Потом меня перевели работать на лошади с большей зарплатой (на огороде я получал 3 рубля 29 копеек, а здесь 5 рублей 12 копеек в день). Лошадь я брал на конюшне, пригонял ее на огород и запрягал в распашник – плуг с двумя ручками и двумя лемехами. Распашник этот применялся для окучивания картошки и капусты. Работал я со взрослым напарником. Моя задача была: сидя верхом на лошади, направлять ее, чтобы двигалась точно по борозде. Напарник шел следом, вспахивая борозду между кустами картошки и капусты.
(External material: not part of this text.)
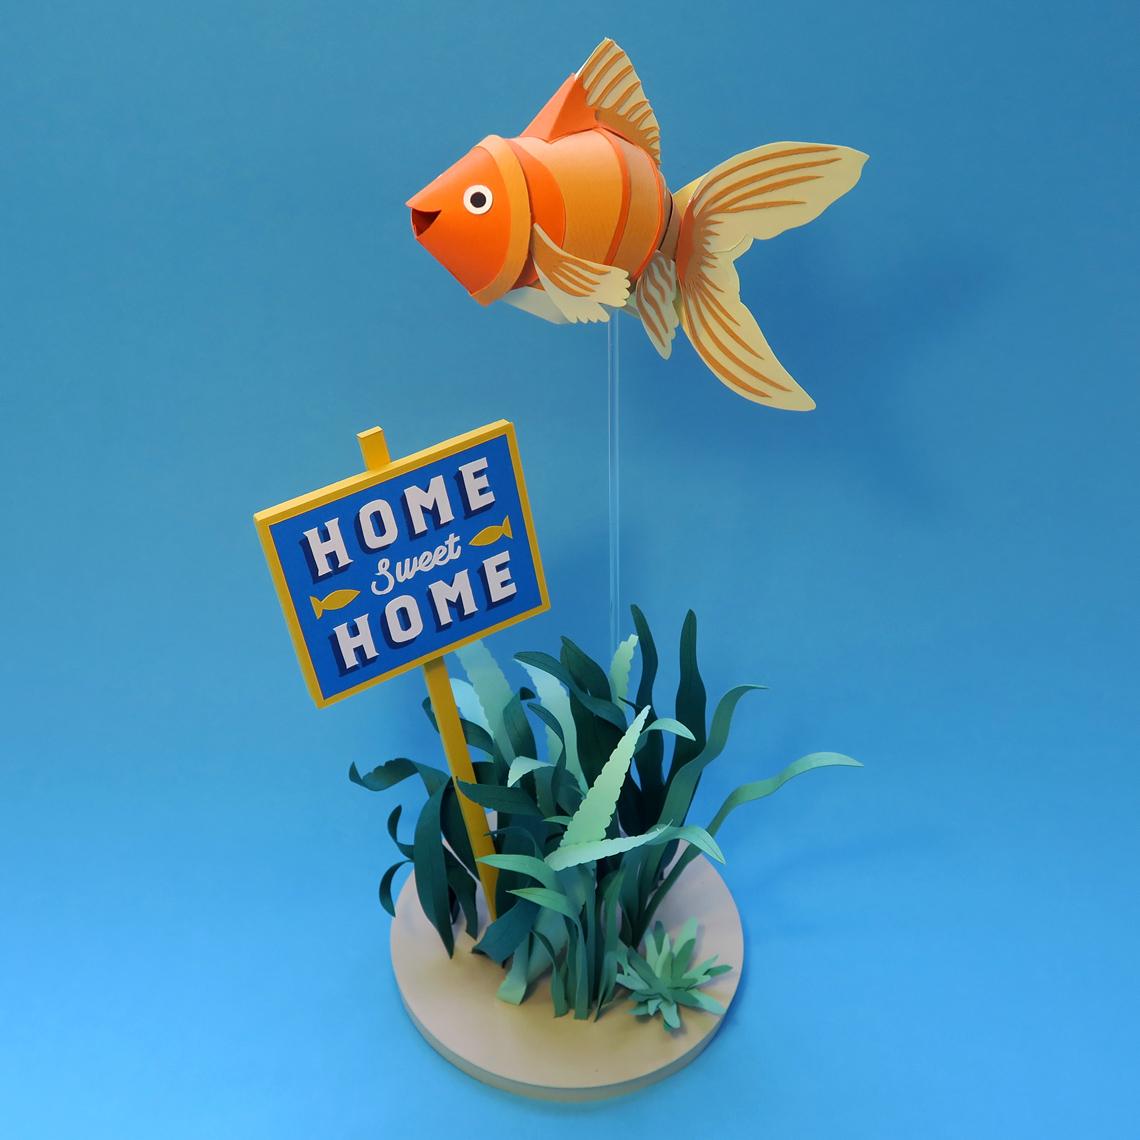 hattie_newman_goldfish copy 2.jpg

Первое время я работал в паре с расконвоированным Федей, посаженным за убийство. Он и его друзья большой компанией забили какого-то парня до смерти. Федя считал себя невиновным. «Я его не убивал, – говорил Федя. – Я его только колышком».
Колышками назывались жерди, вырванные из забора.
Федя ел сырую картошку и уверял, что она очень вкусная. Я попробовал и спросил, что же в ней вкусного. Федя сказал: «Был бы ты такой голодный, как я, понял бы».
Я был еще недавно куда голоднее его, но теперь уже не понимал.
В Ермакове мы жили в коммунальной квартире на втором этаже двухэтажного деревянного дома. Соседями оказались бывшие кулаки из Ленинградской области, настоящие кулаки, а не выдуманные. То есть богатые крестьяне, раскулаченные и сосланные на север. Соседка Серафима Ивановна рассказывала маме (а я подслушал), что у нее до раскулачивания было шестьдесят ночных рубашек. Сейчас столько рубашек у нее не было, но, по моим представлениям, жили они неплохо. Ели без ограничений жареную на сале картошку и толстые твердые вкусные котлеты, которыми Серафима Ивановна и меня угощала охотно.
Муж Серафимы Ивановны, Александр Иванович, был здоровый мужик и работал на бойне. Профессия ли сделала его жестоким, или жестокость помогла выбрать профессию, не знаю, но он часто и до полусмерти порол ремнем свою пятнадцатилетнюю дочь Мару. Вообще из их комнаты всегда неслись нечеловеческие крики. То орала во время порки Мара, то он сам во время приступов язвы катался по полу и орал.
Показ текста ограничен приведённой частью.